Retirement planning comes with a number of complex calculations and variables. Some are easier to quantify and explain than others.
Since retirement is often portrayed as this picture-perfect time of life where everything falls into place, it’s more important than ever for financial professionals to employ new ideas, methods and calculations to explain to clients how they will make the transition both financially and personally.
Here, I have adapted a popular brain teaser. This illustrates the ways advisors can use a simple picture to explain retirement planning and make it much more personal.
Can You Solve This Problem?
Take a moment to look closely at this picture and identify the total in the last column.
What Is Your Answer?
I have shared this picture with a variety of groups and on social media and am always amazed by the variety of answers. Let me go over some common answers and why this picture is so valuable to the future of retirement planning.

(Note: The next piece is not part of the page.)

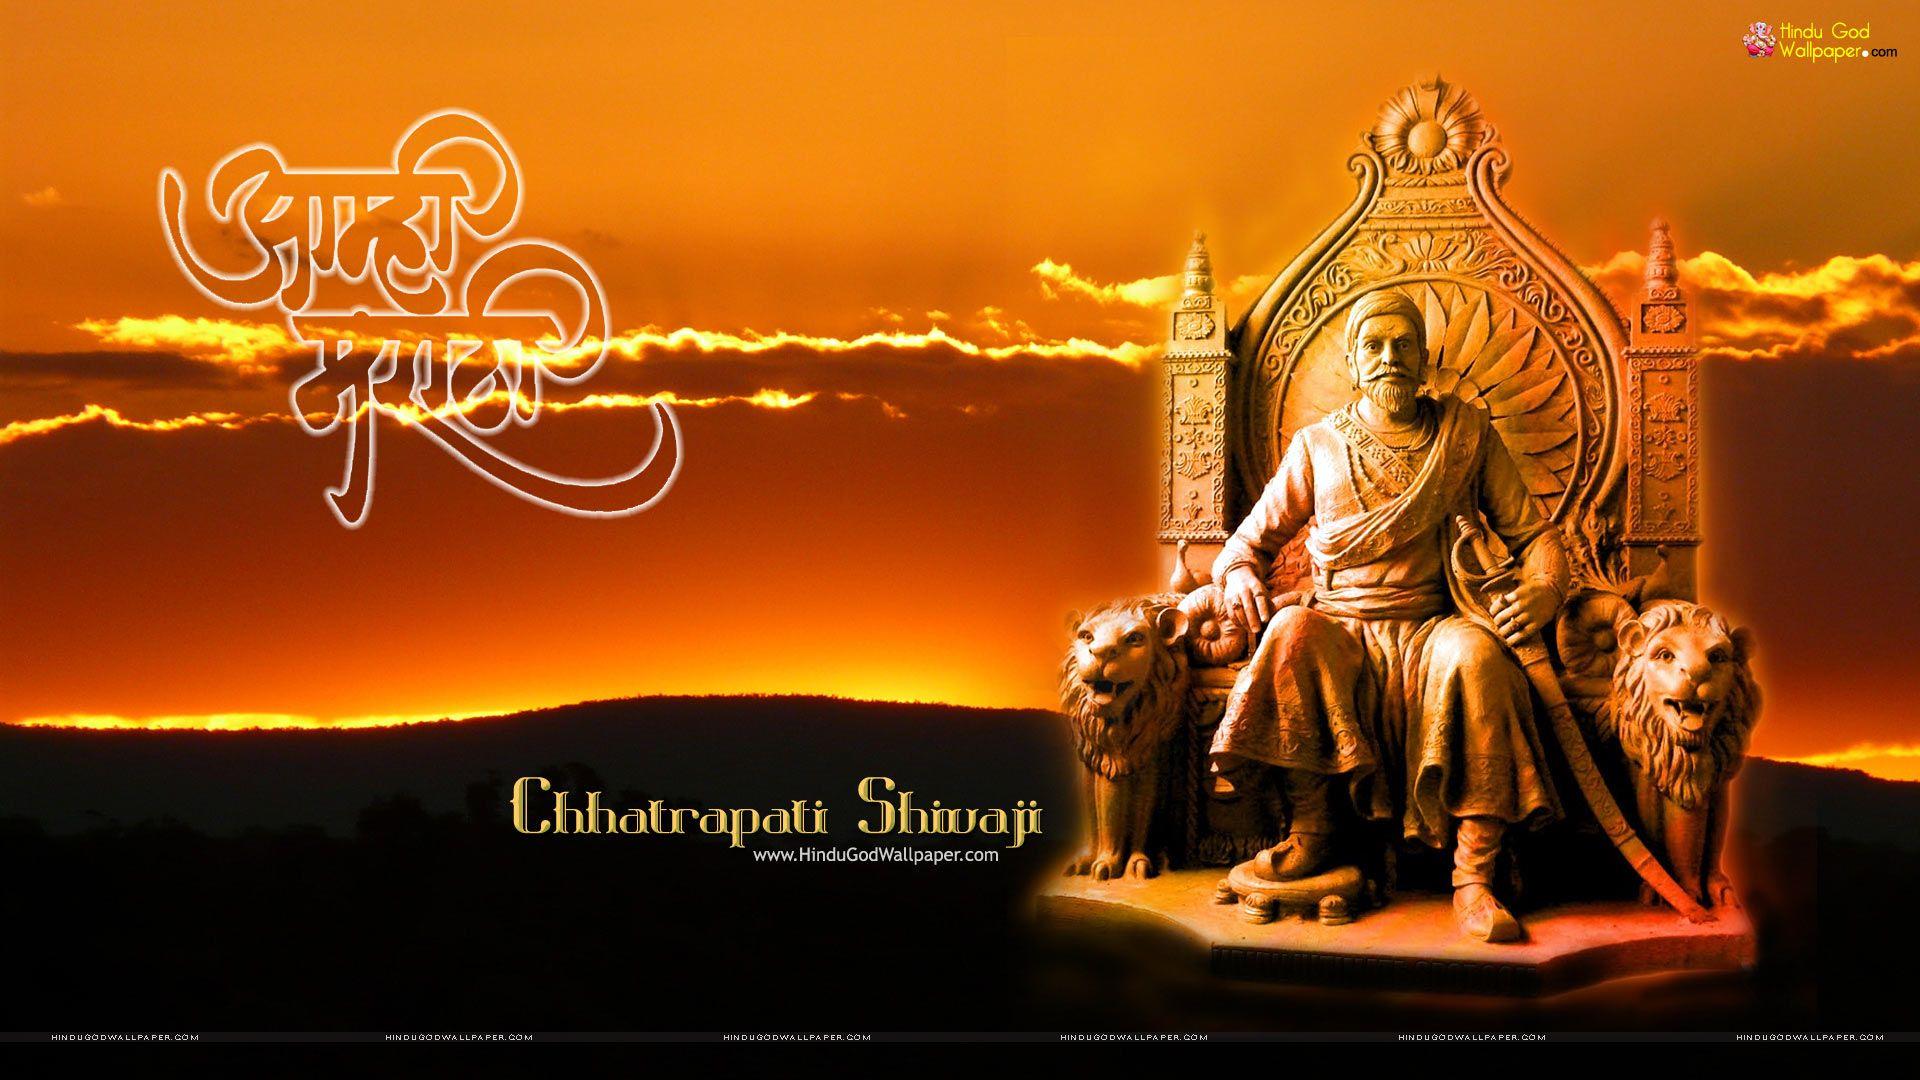 Chatrapati Shivaji Maharaj Wallpaper Free Download - Chhatrapati Shivaji Maharaj Photo Download , HD Wallpaper & Backgrounds

Some of the most common answers are 12, 19, 20, 30, 43, 46, 48, 60, 80 and 112, to name a few.
But they are all wrong and illustrate a major flaw in the way people approach some situations, including retirement. First and foremost, what most people miss is the fact that in row one there are a pair of shoes and in row three a pair of ribbons. When you get to the final row, there is only one shoe and one ribbon, which decreases the value of each.
Additionally, you may not have noticed that in the final row, the third step in the equation uses not addition but multiplication. It’s a subtle change but has a major impact on the answer you get.
Lastly, you may have missed that the person in the last row is different from those in the previous two rows. The figure is wearing a pair of shoes and holding two ribbons.
That miss is important because it replicates what can happen with traditional retirement planning. Many advisors don’t look closely at the person first, they just jump into the normal math and, as a result, they can set their clients up to fail in the ultimate test of life after work.
The harsh reality is, in order to get the right answer we can’t just do straight, left-to-right math because people, our clients, are the most important part of the equation. Thus, the financial services industry needs to shift its focus from a straightforward dollar-and-cents approach to one that takes a deeper dive into the individual, couples and families first.